A seguir ao poema laudatório, interveio o docente e filósofo Severino Ngoenha. Com o que lhe caracteriza, levou-nos a viagens filopoéticas e aterramos em Berlim, e, depois, questionamos as imteligências artificiais (sistemas computacionais capazes de realizar tarefas que, normalmente, exigem inteligência humana) no mundo contemporâneo.

Severino Ngoenha conduziu-nos para longe: geograficamente e temporalmente. Viajamos pela Europa e Ásia e pelos tempos antigos e medievais para chegar até Languana, até à FFLC, até o dia 3, até às 18 horas.

Ngoenha deu-nos um cheirinho do seu faro aguçado e implantou em nós, o público, a curiosidade em ver de perto os quadros “Cão de guia” e “Apocalipse”, questionando-se: “Será que o cão guia nos leva ao Apocalipse ou a saltar o Apocalipse?” [paráfrase]. Sem respostas categóricas, o filósofo finalizou a sua intervenção de forma magistral, quando aguçou ainda mais a nossa curiosidade e levou-nos a apreciar além cores das aguarelas: “O estético é o formal (nas artes), as cores, as formas […]. Mas o estético traz o que é ainda mais relevante […], a mensagem que se esconde atrás dela, e atrás da mensagem [escondida], esconde-se também a verdadeira face do artista”.
A paleta de cores de Languana é um arco-íris, um hino à vibração da vida dinâmica, movimentada e cheia de cores: rosa, vermelho, branco, preto, muito azul e verde. Trata-se de uma longa odisseia entre cores, uma aventura entre achados e perdidos. Nós fomos achados e perdidos por nós mesmos quando mergulhamos nas águas profundas de Languana. Há borboletas dentro do pintor, há vidas, há aves.

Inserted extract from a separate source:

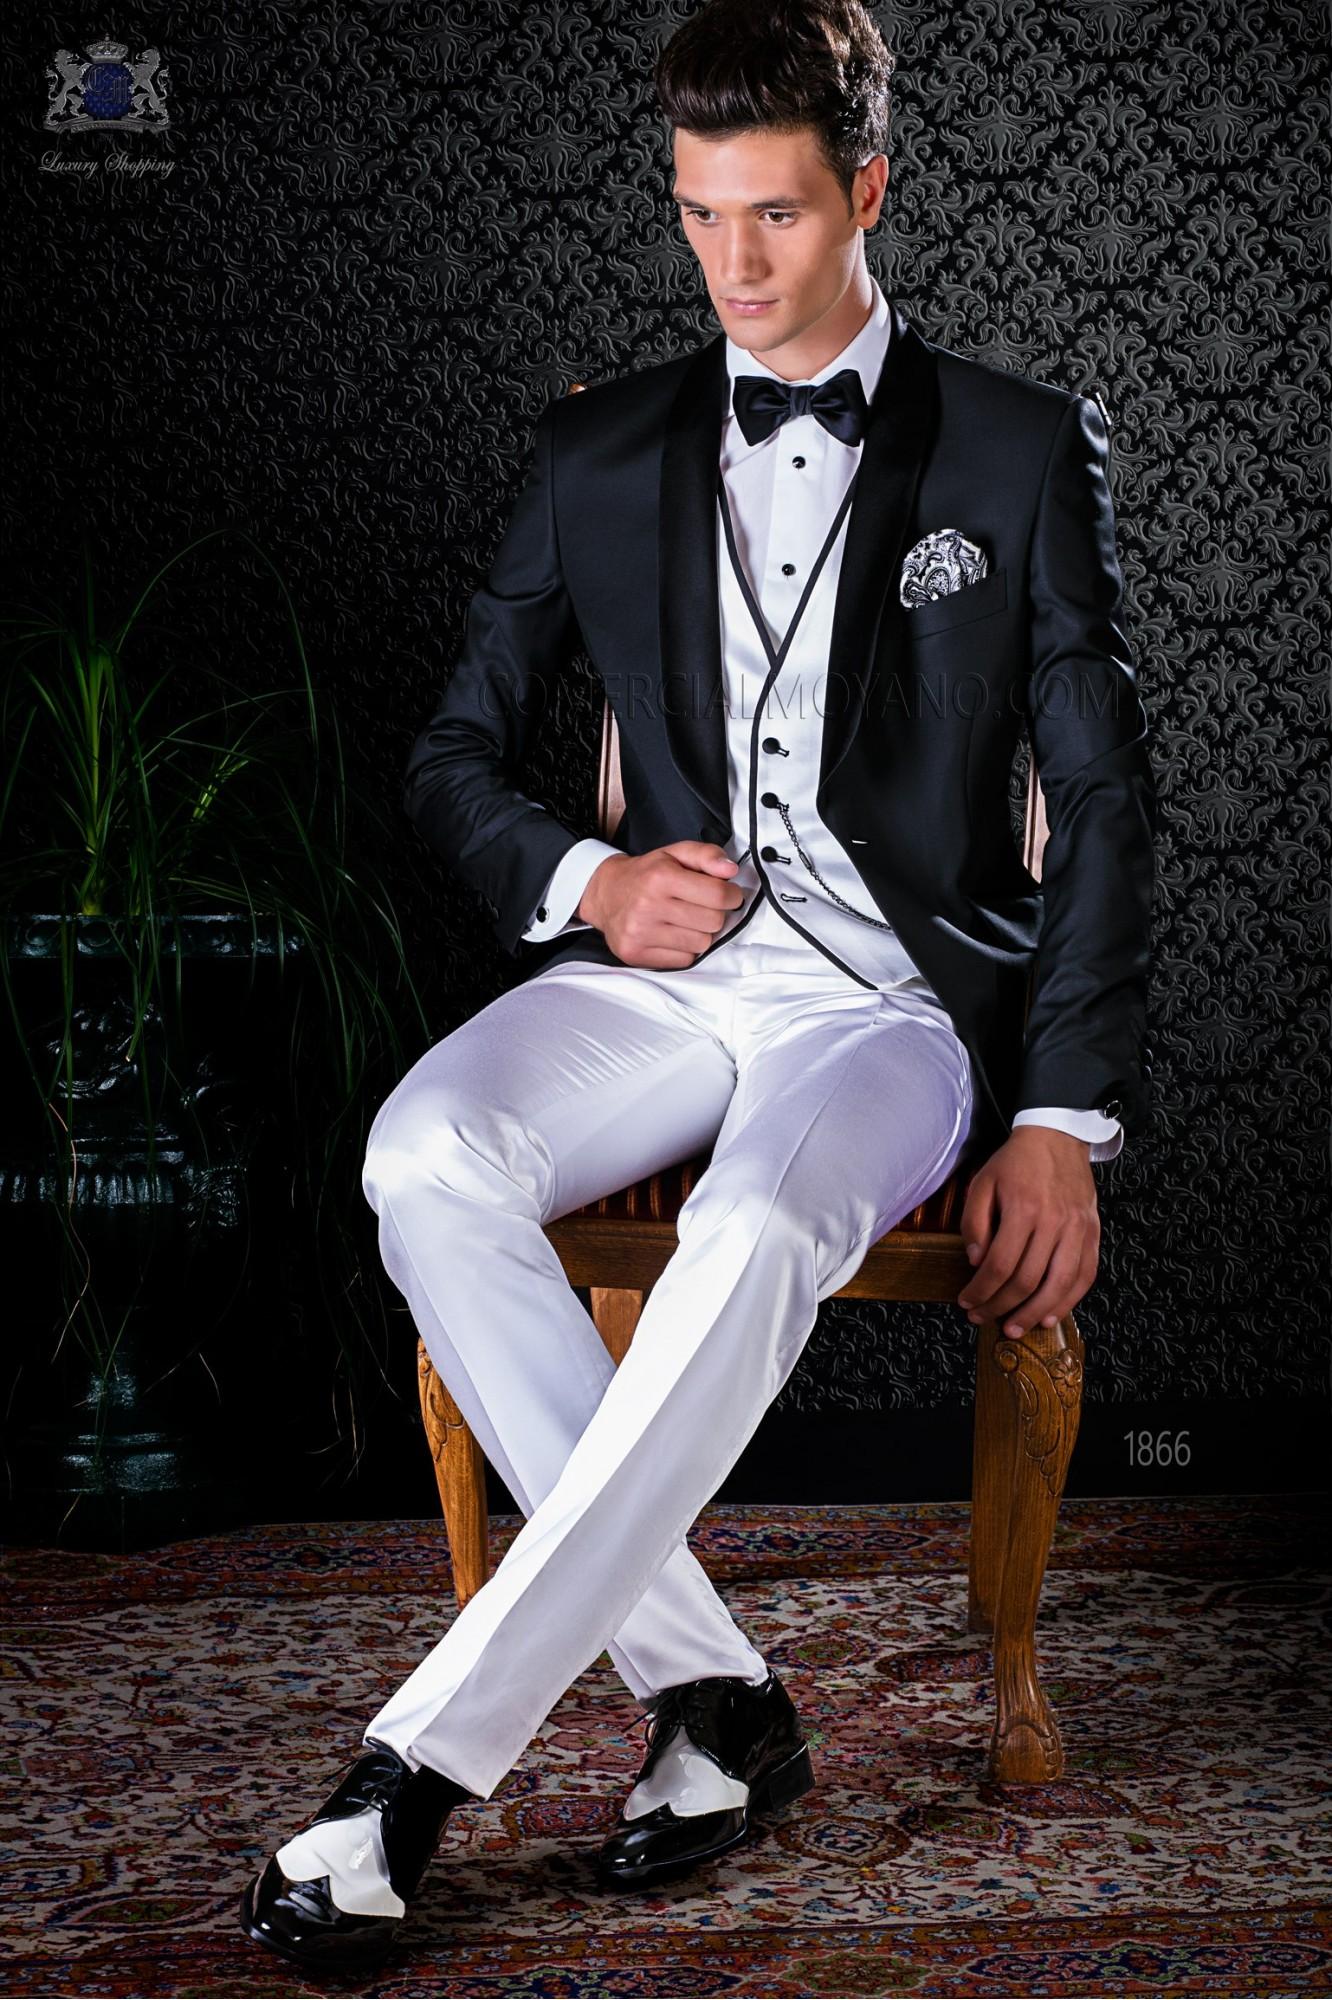 Esmoquin negro italiano con solapa chal combinado con blanco

Falando de aves, o lado escuro e as penumbras são habitados por pássaros. Talvez, os ‘espíritos invisíveis’ do artista, em conversas, não falam, piam.
Por se tratar da aguarela sobre papel, as obras estão em quadros e com vidros. O que não impede uma boa apreciação. Pelo contrário, as molduras ajudam na conservação das obras, num bater de palmas, minúncias e cuidado acrescido.

Na curadoria da mostra, vê-se que a iluminação não é unânime. Na sala principal, onde estão expostas mais obras, a iluminação é abrangente. As luzes dessa sala iluminam as peças e a imaginação. Todos, até os que já andam com problemas de vistas, conseguiram apreciar muito bem as aguarelas. Contudo, na sala mista, onde outras vezes usa-se para outros fins, apresenta-se ora focos de maior luz ora de menor incidência da luz. A obra “Dhuna”, por exemplo, encontra-se bem iluminada, o que valeu elogios de vários visitantes. Mas as obras “Xipamanine” e “Marrabenta” estão expostas em paredes que a luz não alcança, o que resultou em abandono total das mesmas. Ficaram invisíveis.

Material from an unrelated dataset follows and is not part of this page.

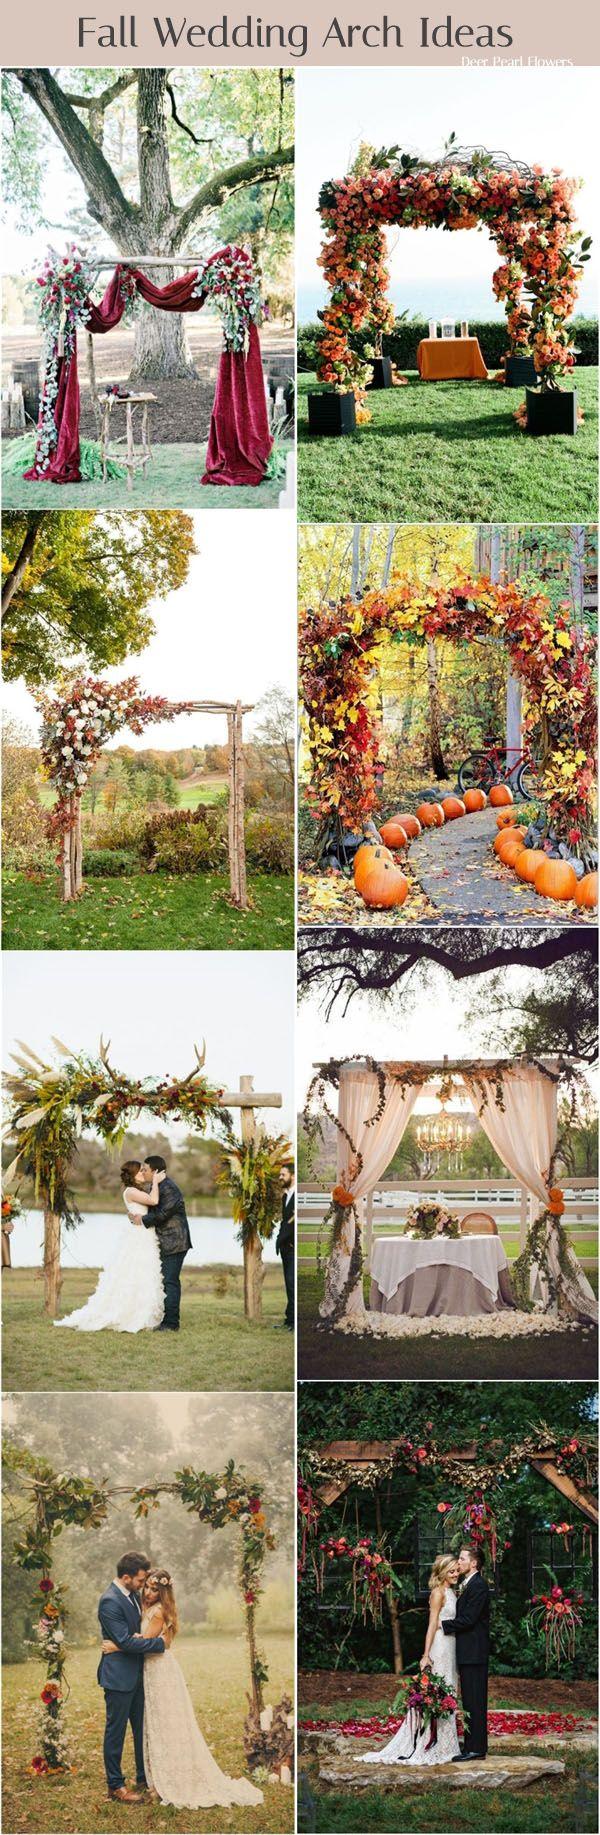 Fall wedding arch and alter decor ideas

O ambiente mergulhado nas vozes das conversas paralelas das pessoas deram uma outra vida à exposição. O silêncio que, provavelmente, era para introspecção, acabou sendo invadido e interrompido pelas vozes dos visitantes. Talvez, uma música no fundo, condizente com a exposição, daria um outro ar e aprofundaria ainda mais a atenção dos espectadores.

Em suma, o ambiente nocturno deu mais serenidade à exposição. A mistura de cores faz da exposição envolvente. “Jardins de sonhos” é uma caminhada entre distintos mundos: o consciente e o inconsciente, o material e o transcendente, entre o humano e animal (talvez, as figuras de animais sejam um lembrete do quão somos animais) ou entre o real e o abstrato.